Russia, which Mikhalkov lost: simplicity is worse than theft The story of the “sunstroke”, which struck the sentimental lieutenant with a sudden fall in love, is bizarrely intertwined in Mikhalkov with the chastity of the days of the civil war, which violated the way of life of the whole country. The motives of Bunin’s prose, guessed in the script of the picture, are generously diluted with strange humorous episodes, completely inconsistent with the spirit of Russian classics.
Moreover, the director considers himself entitled to rewrite the classics, changing the key events for understanding the author’s plan. So, in the story of the same name, the lieutenant independently escorts the lady to the pier, doing it “in an easy and happy spirit”, after which the burden of passion already comes to him. In the film, the passionate throwing of a man with epaulettes is associated with the fact that he was not going to let go of a beautiful companion. This is the exact opposite of what the writer says. Such a rewriting extremely detracts from the dramatic value of the picture, turning the main character into a one-dimensional being driven by a single, moreover, shameful desire.
In the parallel film story unfolding in 1920, there is practically no hatred of the revolution that fills every line of Bunin’s “Cursed Days”. Negative attitude towards the Bolsheviks is conveyed in the form of grotesque irony, ridiculing the quality of the new government. Mikhalkov’s approach is antihistoric – the director is afraid of the true story, with its contradictions and complexities. The same captive officer who dreams of going “to his aunt, to the wilderness, to Saratov” in the film would be quite surprised to learn of the massive electrification of the country that began while he was at war. And what about the tsarist officers who defected to the side of the young Soviet Republic? For example, with Major General Pavel Lebedev, an Orthodox man who was never a Marxist? Instead of this complexity, Mikhalkov offers irony, the lubrication of tsarist Russia and the myth of the barge, which can only be supported by emigrant scripture.

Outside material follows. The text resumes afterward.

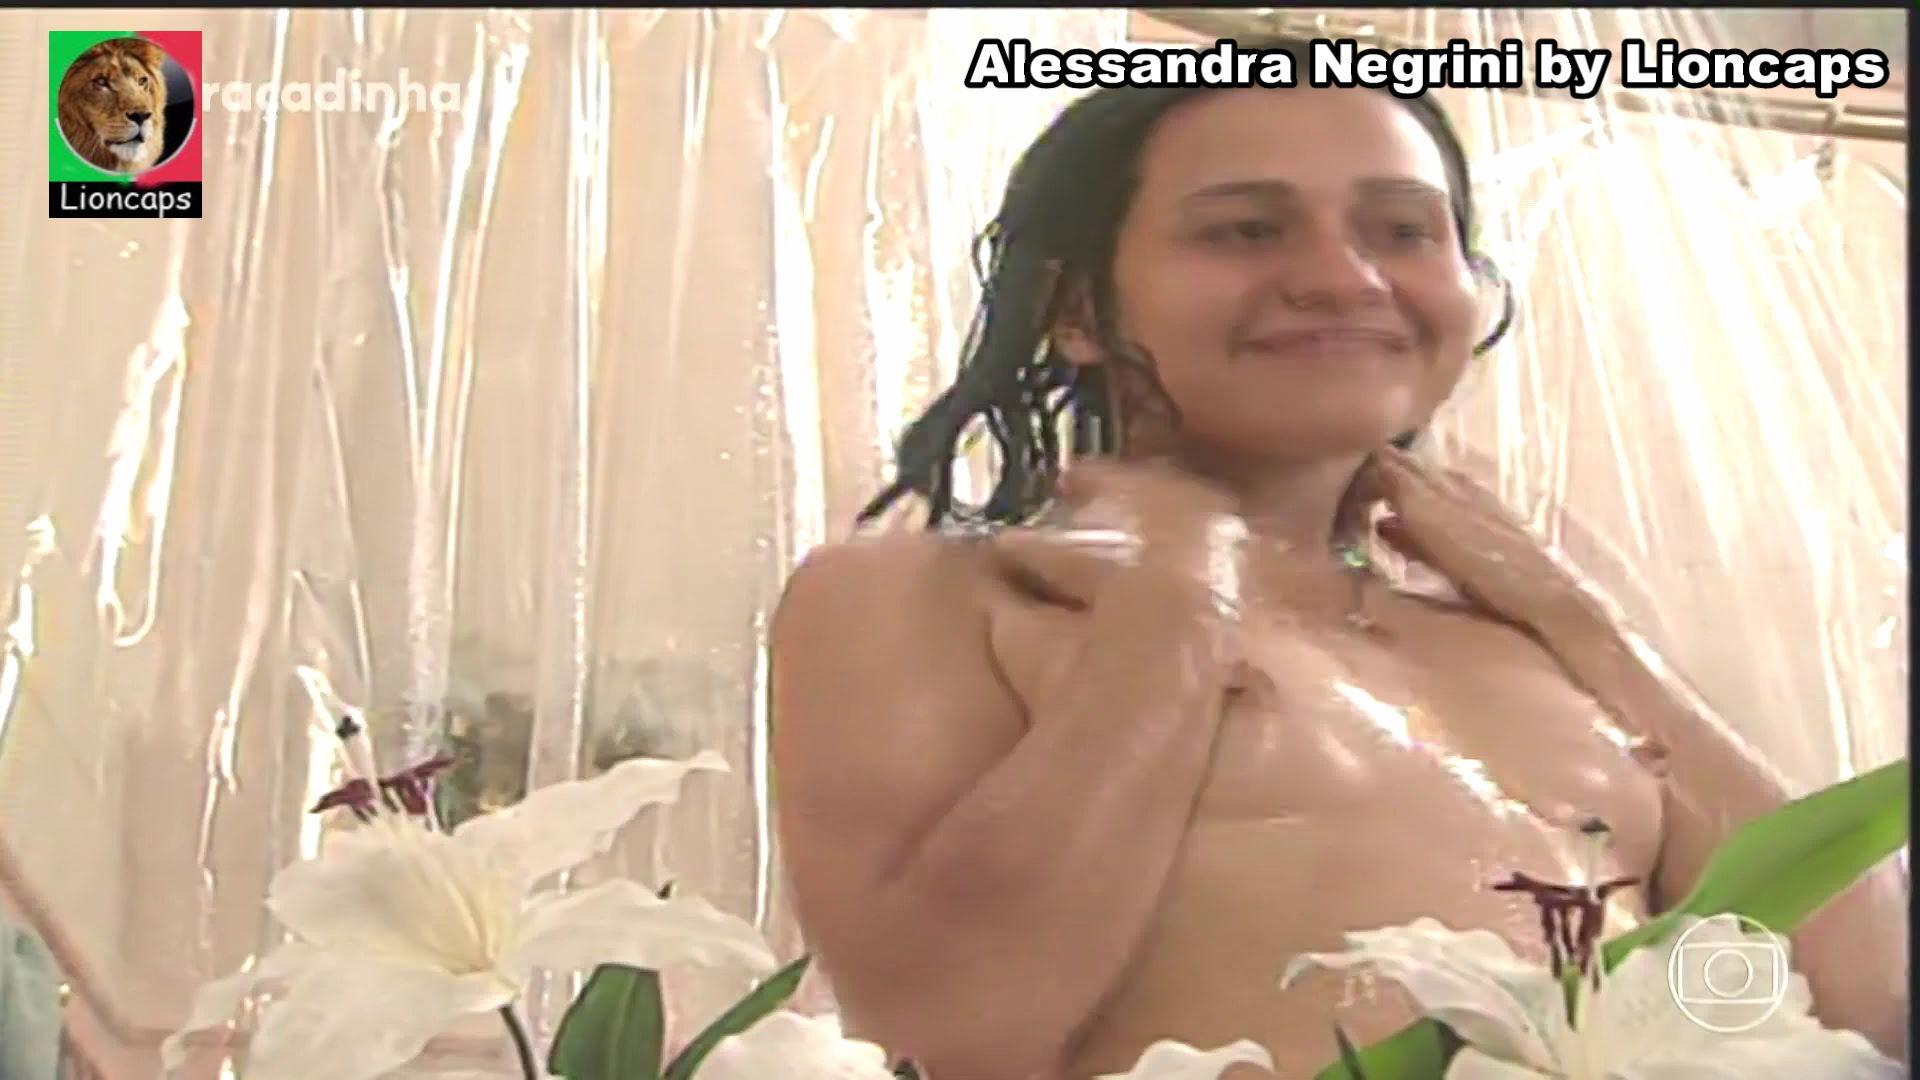 alessandra_negrini_vs200503-068 (12).JPG

I know exactly what the director wanted to say. The inattention of the ruling elite to Marx and Darwin, which turned into a disaster. The metaphysical fall of the elite, shown through mortal sin, and even in the spirit of Freudianism. But the binoculars, through which the filmmaker peers into the past, in the hope of seeing the image of “the one”. Russia, directed towards myths. From them rise cute and sentimental youngsters, Potemkin village (more precisely the town) on the banks of the Volga, happy passengers of the ship, obsessed with class struggle.
And this dream of reason gives birth to monsters. The final mention of 8 million lost citizens, “in the south of the country alone,” is accompanied by a photo of white officers. Are all the dead whiteguards, and the workers, peasants, ministers of the Church and the intelligentsia not at all affected, including by white terror? Or if the White Guards are the elite of the country, then even after the fall shown in the same film, is it still an elite? Then it is already a betrayed elite, by definition not deserving of the reverence that is demonstrated in the film.
I don’t want to see myths in movies. Aren’t “patriotic” directors able to show a person who is creating, thinking, making history? Why do they have myths that humiliate the great history of a great country?